Most significantly, the authority of a general assembly composed of a town’s residents is acknowledged where usos y costumbres are retained: municipal authorities, farmers, the Council of Elders and all the citizens make the decisions which affect communal life; the assembly is the law, the judges, the executive and legislators all in one.
Political parties don’t convoke a general assembly of the population to make decisions regarding municipal development. There is no monitor for the spending of public monies. Political parties, a collection of private powers, act on their own discretion, and make decisions that often strip the towns’ natural resources to benefit private enterprises. Theft is common. The population is largely left ignorant of what was done and where the money went, while certain persons became inexplicably wealthy. That is the case in the capital city of Oaxaca.

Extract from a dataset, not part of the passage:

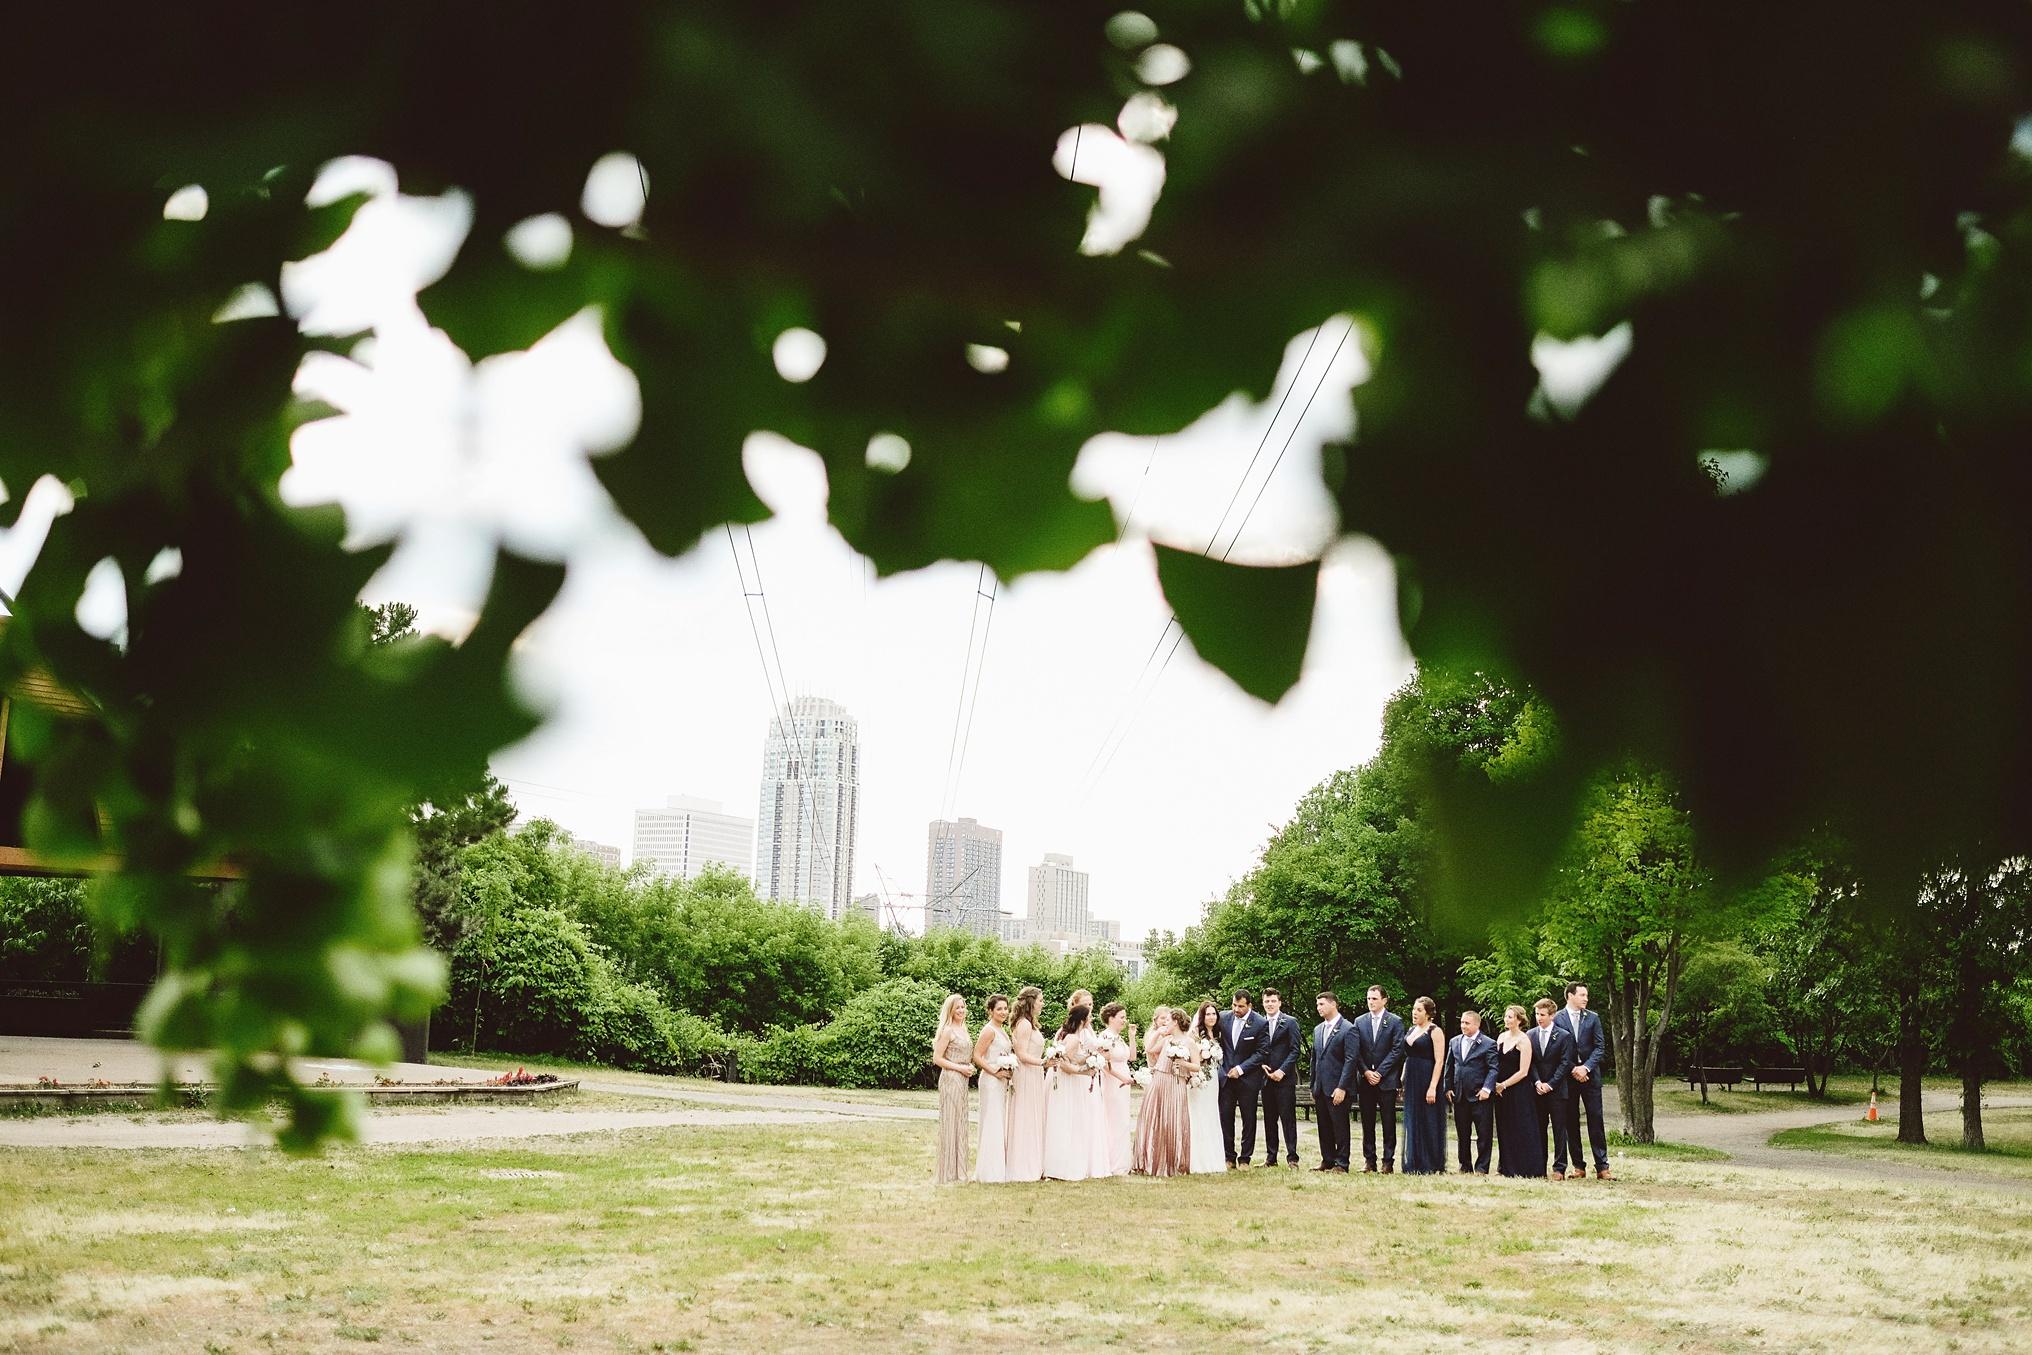 best_wedding_photography_2017_by_lucas_botz_photography_142.jpg

(As a side-benefit of the present struggle, residents of the city are uniting to confront Mayor Jesus Angel Ortega Arias, who up until now as Ulises’ puppet has been largely discounted as responsible for the damage and neglect in the city. He was elected as a PRI candidate.)
The new Popular Assembly of Oaxaca aims at nothing less than expanding the traditional idea of general assemblies of citizens to form a new state government. Such assemblies, under usos y costumbres, oversee the execution of their resolutions by their municipal authorities. That is to say, “the executive branch” (the authorities) is charged with accomplishing the tasks the assembly gives it. The municipal president, foremost among the authorities, leads (as the Zapatistas’ phrase explains) by obeying.
For the population of Oaxaca, the idea of governing by consensus remains part of the common cultural heritage. Therefore, as APPO was convoked, the modest people who comprise 80% of Oaxaca’s population, recognized it immediately. And they support it, despite the obvious difficulties of convening authorities from around the state. Since these authorities receive no pay, a trip to the capital city is not easy. But it’s happening.
APPO also includes representatives from other groups in addition to municipal authorities – regional delegates, non-profit organizations, unions, social groups, etc. – and the structure is still fluid. Nevertheless, it has already made the difficult decision to release the teachers for two weeks to finish the school year. The second difficult decision is to maintain indefinitely the encampment in the zocalo, and to do that, citizens must step forward without the teachers, until the teachers return on July 22.
This is a big test for an infant movement now much larger than a teachers’ union, with demands far beyond the educational ones, a test taking place within the context of national uncertainty.